Immédiatement après l’attaque, alors que les fidèles commençaient à affluer vers le parking de la synagogue pour constater par eux-mêmes les dégâts, l’église de l’autre côté de la rue, l’église Saint-Philippe, a immédiatement ouvert ses portes pour permettre aux membres en deuil d’avoir un espace pour se recueillir.

Vendredi, le premier service de Shabbat de la congrégation depuis l’attaque aura lieu à l’église baptiste de Northminster.

Shari Rabin, professeure agrégée d’études juives et de religion à l’Oberlin College et auteur du livre de 2025 « The Jewish South : An American History », a déclaré à la Jewish Telegraphic Agency que les synagogues confrontées à des attaques dans le Sud avaient largement reçu le soutien de la communauté, même si les Juifs ont également été confrontés à l’antisémitisme dans la région.

« De toute évidence, il y a eu des moments où il y a eu davantage d’antagonisme chrétien envers les Juifs et le zèle missionnaire, etc. », a-t-elle déclaré. « Mais je pense qu’il y a aussi généralement… simplement une sorte de tollé et de soutien public lorsque des synagogues sont attaquées. »

Rabin a déclaré que l’attaque contre la congrégation Beth Israel a souligné une vulnérabilité plus profonde à laquelle sont confrontées les communautés juives, même celles qui ont de longues racines dans le Sud.

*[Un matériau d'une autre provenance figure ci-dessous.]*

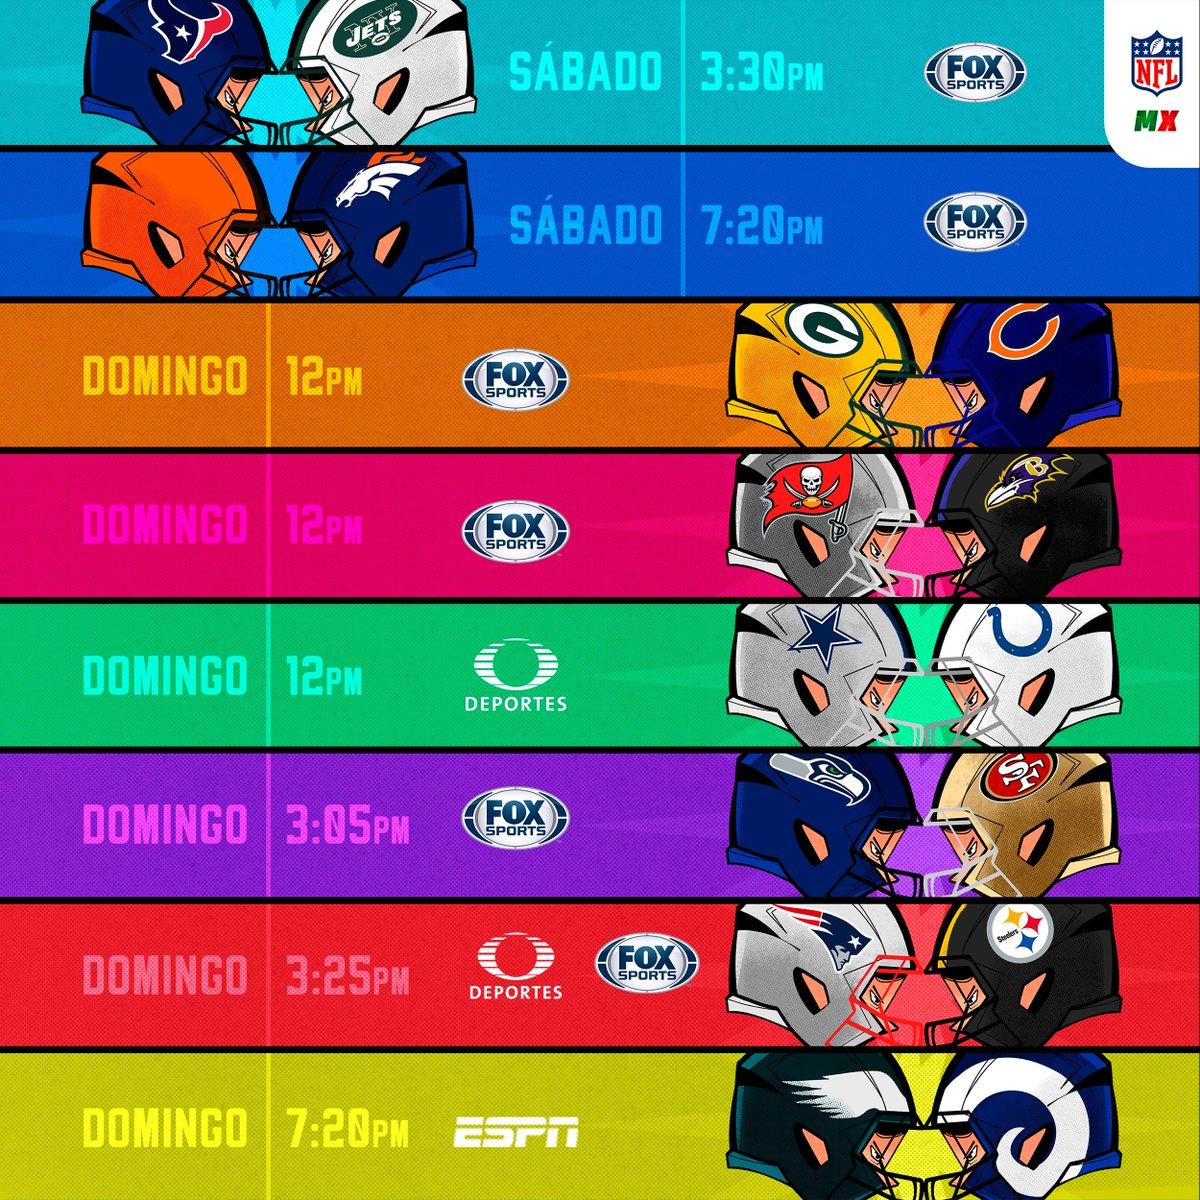 Nfl Mexico On Twitter Que Juegazos Este Fin De Semana Se
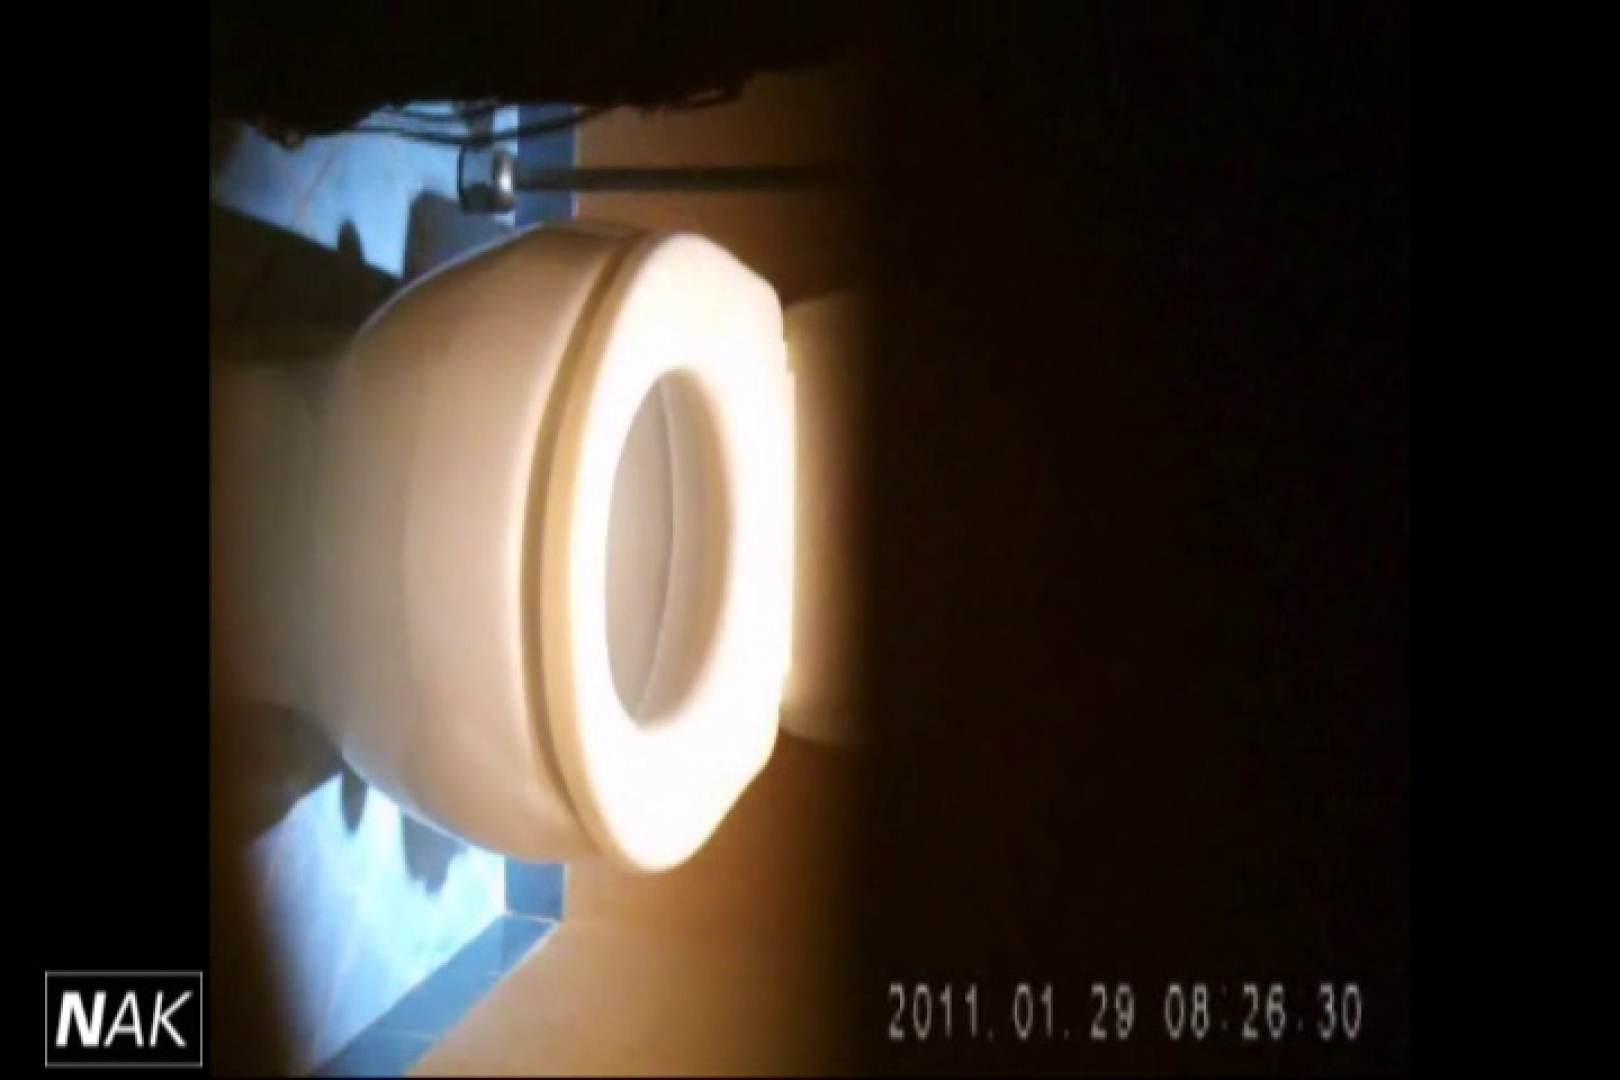 せん八さんの厠観察日記!2点監視カメラ 高画質5000K vol.17 高画質 | エロいお姉さん  9枚 9

« Je pense que cela rappelle que les Juifs peuvent vivre dans un endroit, y avoir une communauté pendant des décennies, plus de 150 ans, ils peuvent être acculturés et faire partie de la communauté et devenir des membres éminents de toutes sortes de manières, et il existe toujours une sorte de précarité sous-jacente qui les rend vulnérables », a-t-elle déclaré.

Après l’attentat de 1967, Rabin a déclaré que Nussbaum avait visé le principal pasteur baptiste du Sud à Jackson, lui disant « d’aller au diable quand il viendrait lui présenter ses condoléances, lui disant de prêcher le dimanche suivant sur ses bancs, où tous les droitiers se rassemblaient régulièrement ». Elle a déclaré qu’il avait été motivé par la clarté quant aux racines idéologiques de l’attaque.

« Pour lui, cette attaque découlait d’une sorte de discours chrétien radical, d’un certain type, qu’il voulait dénoncer », a déclaré Rabin.

Les orateurs de jeudi soir ont également imputé la responsabilité de l’attaque de samedi. L’homme accusé de l’incendie criminel, Stephen Spencer Pittman, a qualifié Beth Israel de « synagogue de Satan » et a épousé le contenu chrétien en ligne. Son nom n’a pas été mentionné jeudi soir.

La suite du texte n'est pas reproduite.